We’ll use 369,480 for simplicity. Time for a little more math:


369480 x 2639 = 975,057,720

You checking me as we go along? Good… So that’s 975 million bytes of data, give or take some gzip compression here and there, some header information, and a few random character sets.


975057720 / 1024 = 952204.8046875 (kbytes)
952204.8046875 / 1024 = 929.8875 (mbytes)

So that’s 929.8875 megabytes of data hitting their servers.
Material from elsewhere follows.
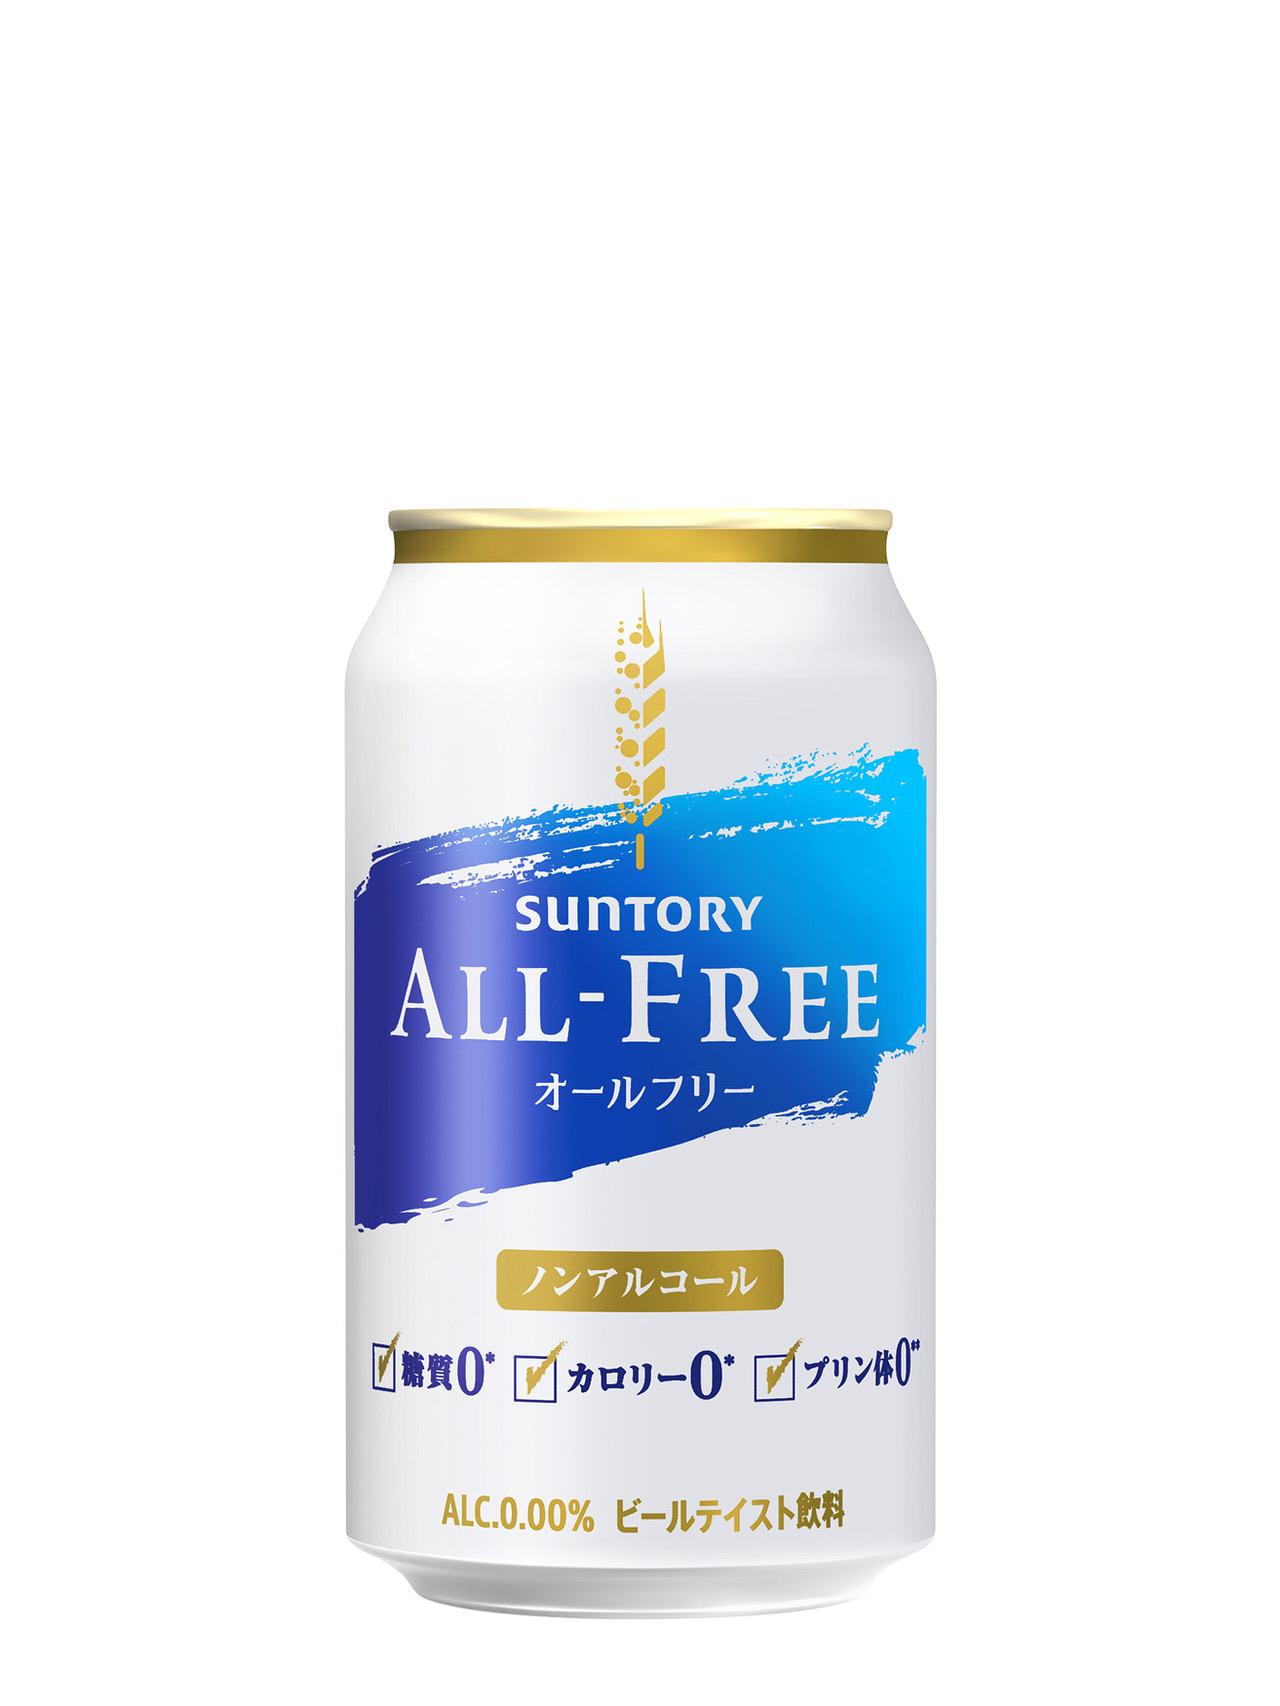 All free renewal 202012 3

In the grand scheme of things, that’s not much, but let’s look at what it would have been with our smaller set of data:


369480 x 437 = 161,462,760

So now we’ve got 161 million bytes


161462760 / 1024 = 157678.4765625 (kbytes)
157678.4765625 / 1024 = 153.983 (mbytes)

So we've gone from almost a gig of data, down to 150mb… Seems pretty damn sizeable to me, how about you?

Hmm, maybe I should offer a neutered Akismet plugin option?